§ REQUIRED WORK:
Nothing but an exact copy is asked for: the lines in the material below from the one with "Honda - Regular Tshirt" through the one with "Alleegra Organic Cotton", pictures excluded.

§ MATERIAL FOR THE TASK:
- - - - - - -
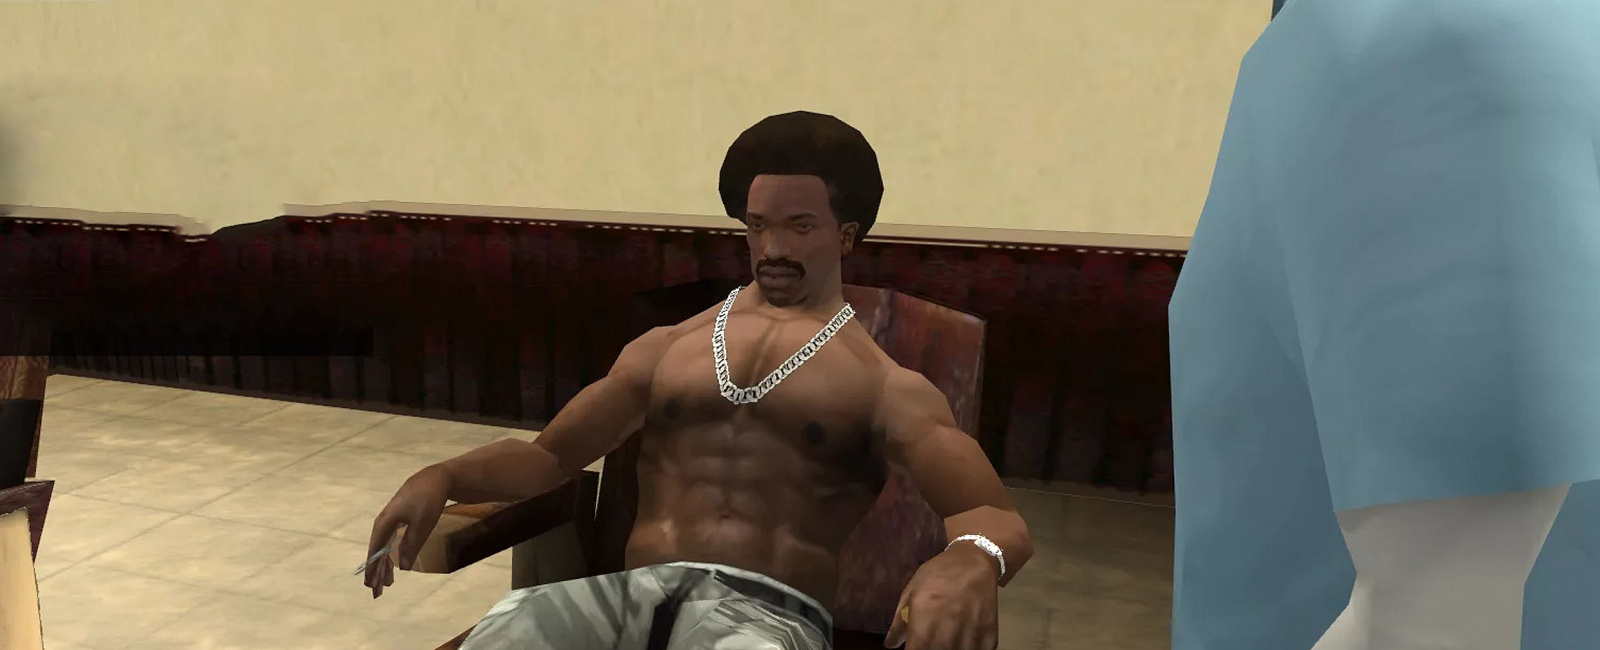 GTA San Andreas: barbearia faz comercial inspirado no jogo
- - - - - - -
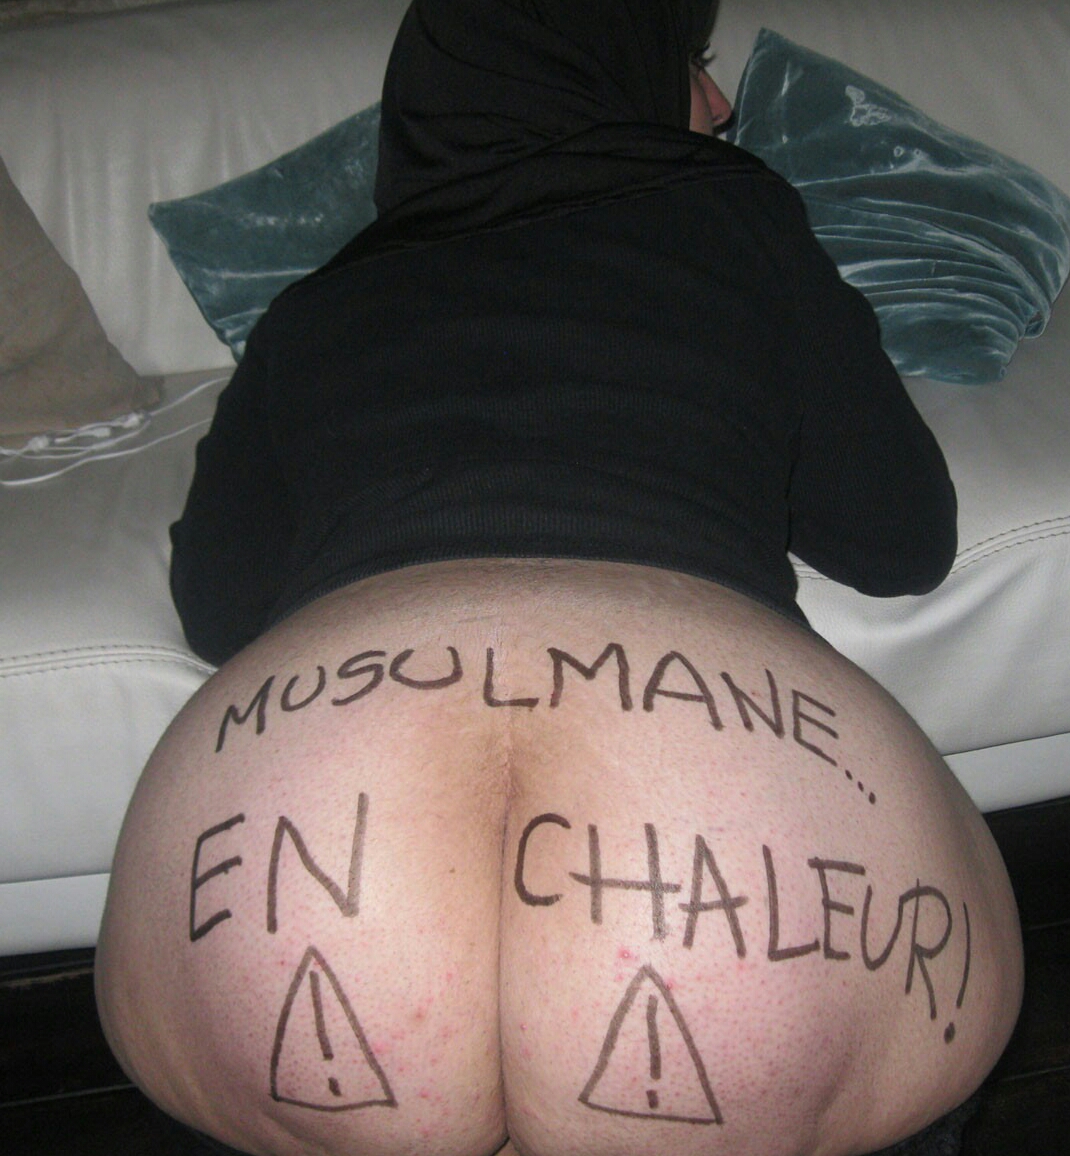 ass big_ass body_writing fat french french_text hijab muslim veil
- - - - - - -
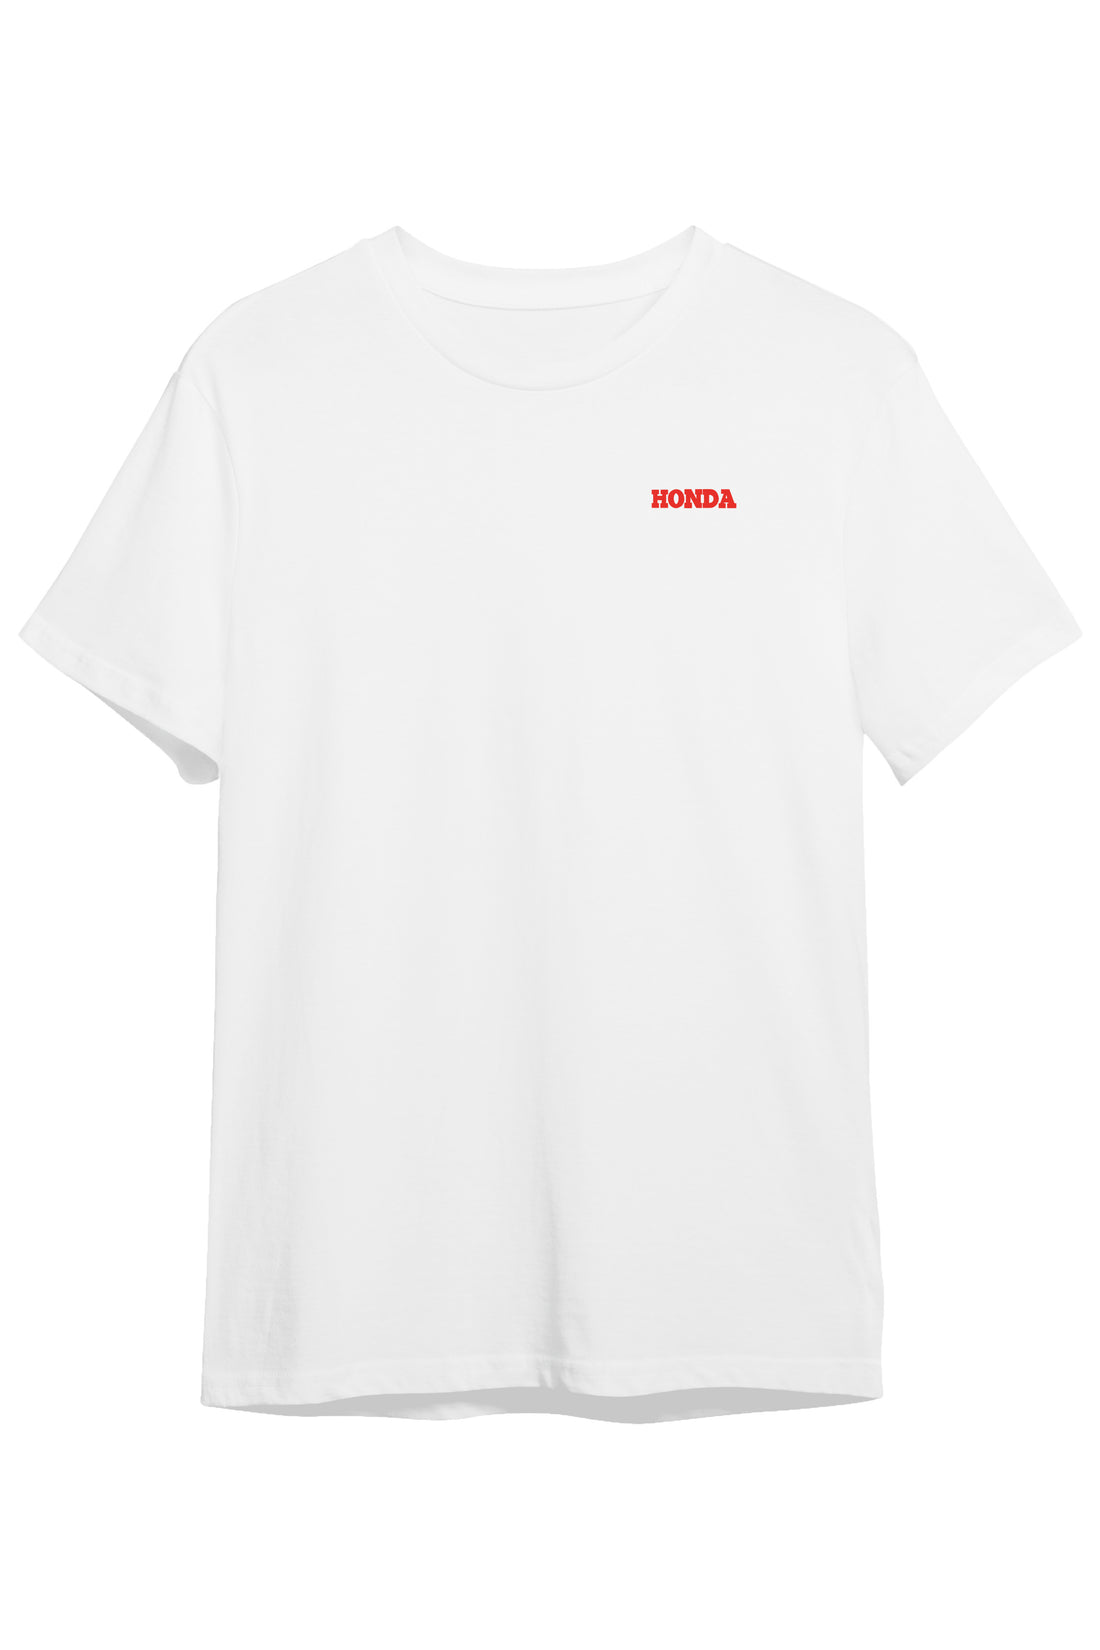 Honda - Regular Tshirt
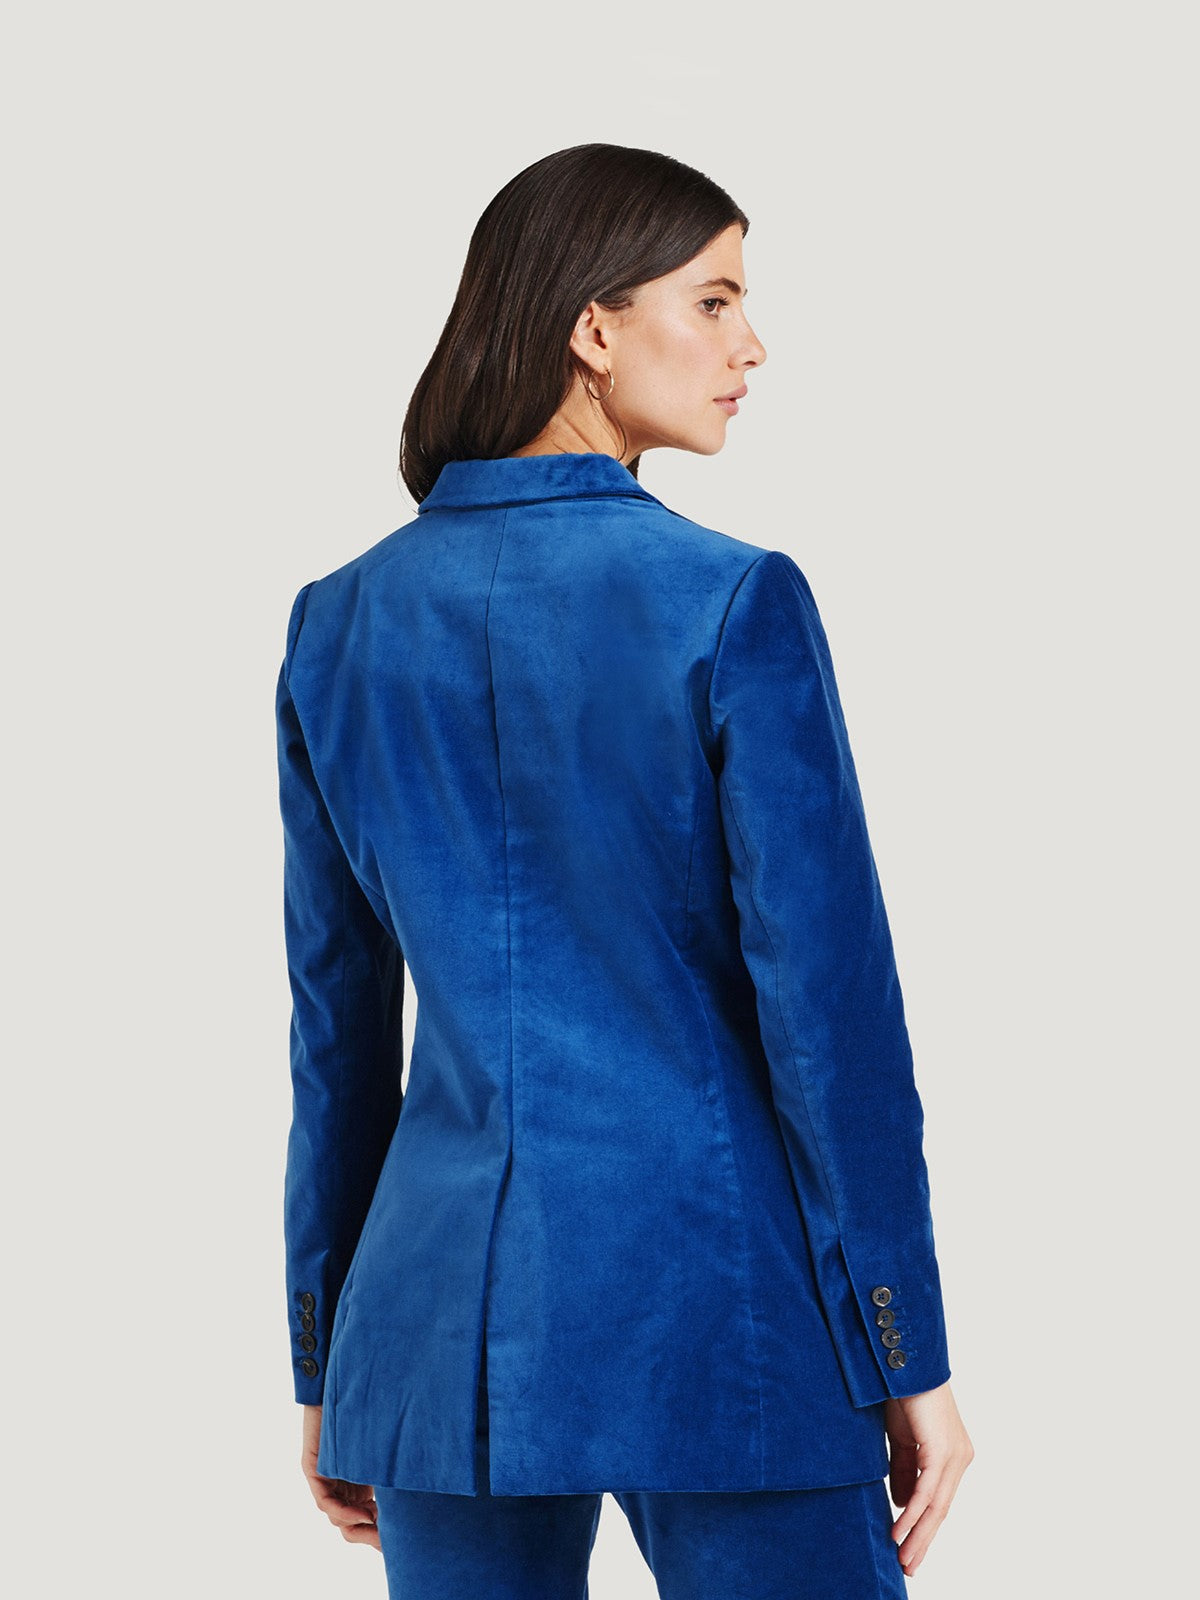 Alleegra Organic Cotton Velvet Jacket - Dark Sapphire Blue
- - - - - - -
§ TASK RESULT:
 Honda - Regular Tshirt
 Alleegra Organic Cotton Velvet Jacket - Dark Sapphire Blue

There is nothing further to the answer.